Daniel explains the fourth kingdom (Rome), which will crush the kingdoms before it. It will be a mighty and fierce kingdom that is prone to shatter into pieces.
After the Greek Empire (the thighs of bronze), there will be a fourth kingdom as strong as iron, Daniel explains to Nebuchadnezzar. This kingdom is associated with iron because iron crushes and shatters all things, so, like iron that breaks in pieces, it will crush and break all these kingdoms before it in pieces.
This fourth empire is undoubtedly Rome. The Romans were brutal and powerful in ways unlike the empires before. They would obliterate entire kingdoms to make a point of their power. The kingdoms of Babylon, Medo-Persia, and Greece tended to subjugate other kingdoms to gain tax revenue. Rome did this as well, but also sometimes committed genocide and cultural destruction merely to establish its dominance. For example, the Romans razed the city of Carthage to the ground in 146 B.C., slaughtering over half the people there and selling the rest (50,000 survivors) into slavery. Carthage was a prosperous city that could have enriched Rome. But it had sufficiently offended Rome’s prestige to the point that Rome decided to eradicate it.
Daniel’s vision in chapter 7 also shows a depiction of Rome as a beast with iron horns that crushes everything in its path: “…behold, a fourth beast, dreadful and terrifying and extremely strong; and it had large iron teeth. It devoured and crushed and trampled down the remainder with its feet; and it was different from all the beasts that were before it…” (Daniel 7:7). Again, iron is used to represent the strength and brutality of Roman rule.

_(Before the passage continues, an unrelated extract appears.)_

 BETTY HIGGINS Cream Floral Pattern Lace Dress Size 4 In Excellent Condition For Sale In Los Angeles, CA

Rome battled with Greece for many years, but after the Battle of Corinth (146 B.C.) the Greek peninsula belonged to Rome. The Romans put its conquered people under Roman rule, setting up governors and military presence in their new lands. Some of the conquered people were assimilated into becoming Roman citizens, and young men were conscripted into the Roman infantry. This is represented by the feet and toes of the statue that were a mix of clay and iron. The iron represents Rome’s unparalleled toughness and strength. The empire was a vast mixture of different languages, people groups, and encompassed much of the known world at its peak in 117 A.D. However, because of this mixture (represented by the clay and iron in the statue’s feet and toes) the kingdom became brittle and weak, even as iron does not combine with pottery.

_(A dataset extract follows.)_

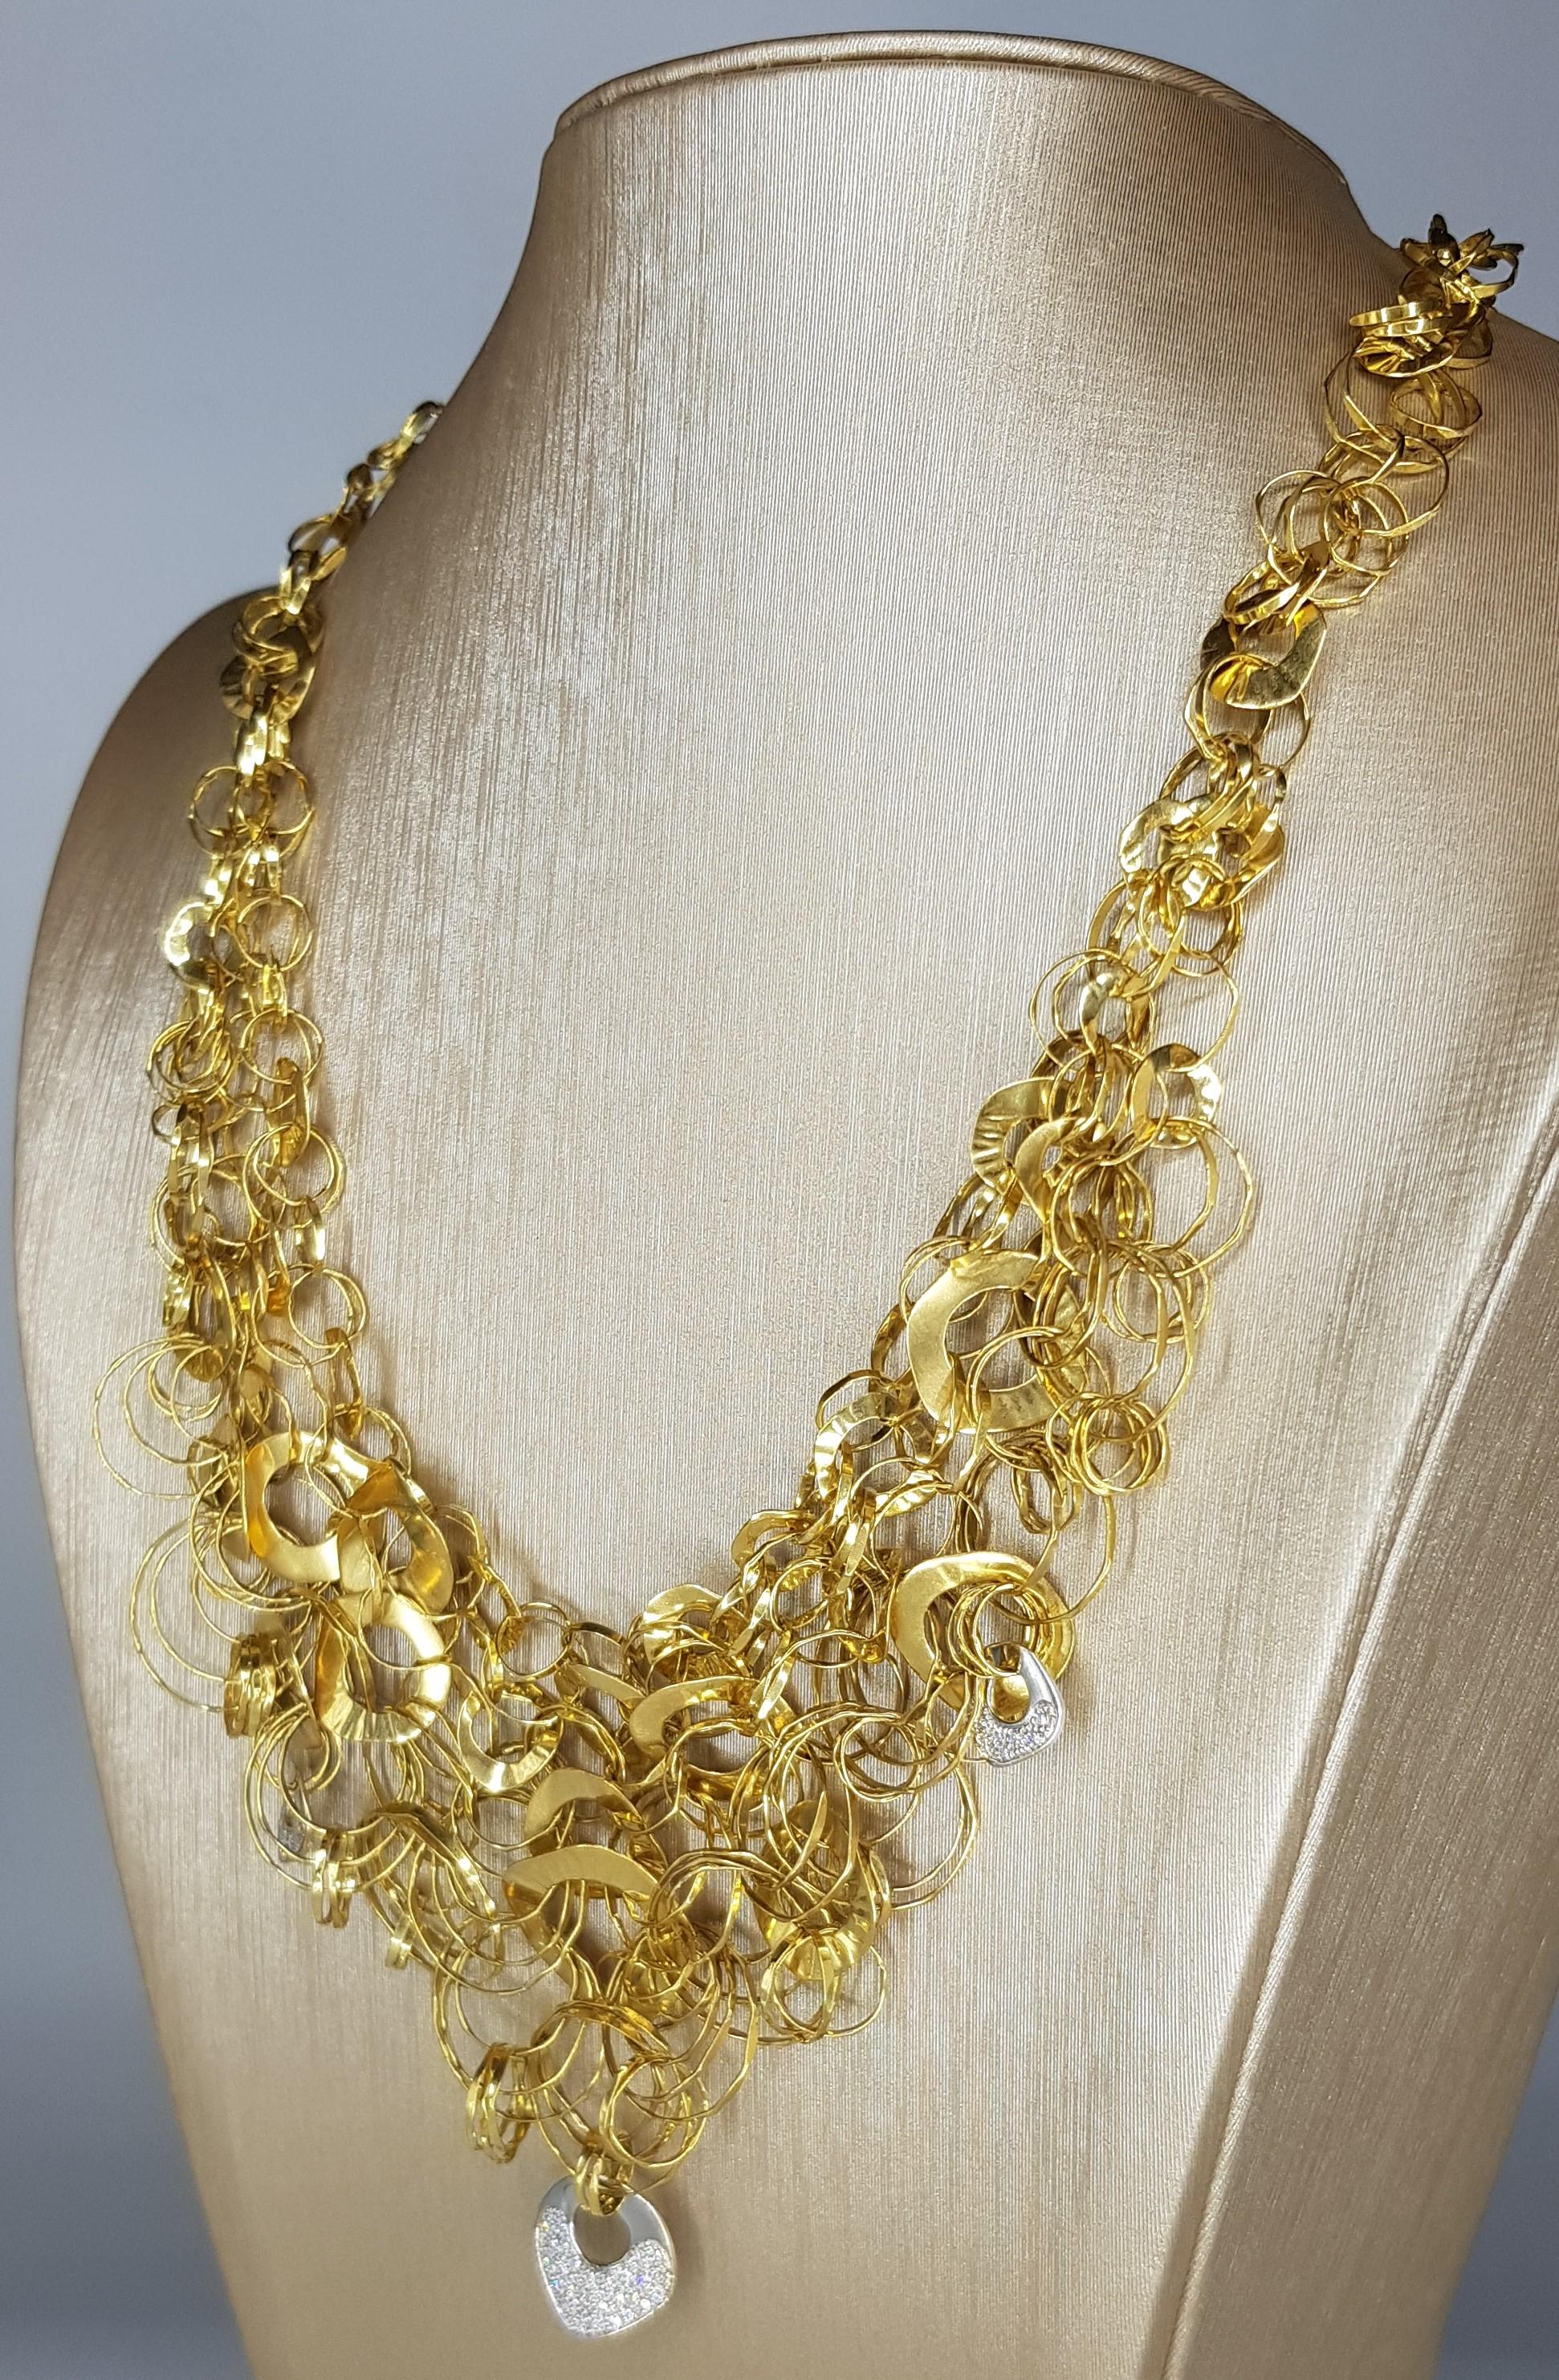 Orlandini 18k Yellow and White Gold with White Diamonds. The Necklace comprised of a plethora of interlocking hammered Yellow gold discs and rings with 3 White Gold discs and White Diamonds pavè (cts 0.73)

The Roman empire was not defeated, it simply crumbled into pieces. In an attempt to reconstitute the Roman Empire in a Christian context, Charlemagne was crowned emperor of what was deemed the Holy Roman Empire in 800 AD. From 800 AD to 1806 AD, this “Holy” empire tried to endure with the spiritual authority of Christianity. First it divided into east and west, represented by the two legs of the statue. Then it broke into various kingdoms. Hearkening back to the glory of Rome, the Germans called their king the “Kaiser” and the Russians called their king the “Czar,” both transliterations of the word “Caesar.” The German monarchy fell in World War I (1919), and the Russian monarchy fell in the Bolshevik revolution of 1917.
The Holy Roman Empire expanded and shrunk for over its roughly thousand years. Western Europe, England, and The United States are descendants of Rome. Many of the current countries of Europe were formed between the last half of the 19th century, after the end of the Holy Roman Empire, and the Versailles treaty that ended World War I.
40 Then there will be a fourth kingdom as strong as iron; inasmuch as iron crushes and shatters all things, so, like iron that breaks in pieces, it will crush and break all these in pieces. 41 In that you saw the feet and toes, partly of potter’s clay and partly of iron, it will be a divided kingdom; but it will have in it the toughness of iron, inasmuch as you saw the iron mixed with common clay. 42 As the toes of the feet were partly of iron and partly of pottery, so some of the kingdom will be strong and part of it will be brittle. 43 And in that you saw the iron mixed with common clay, they will combine with one another in the seed of men; but they will not adhere to one another, even as iron does not combine with pottery.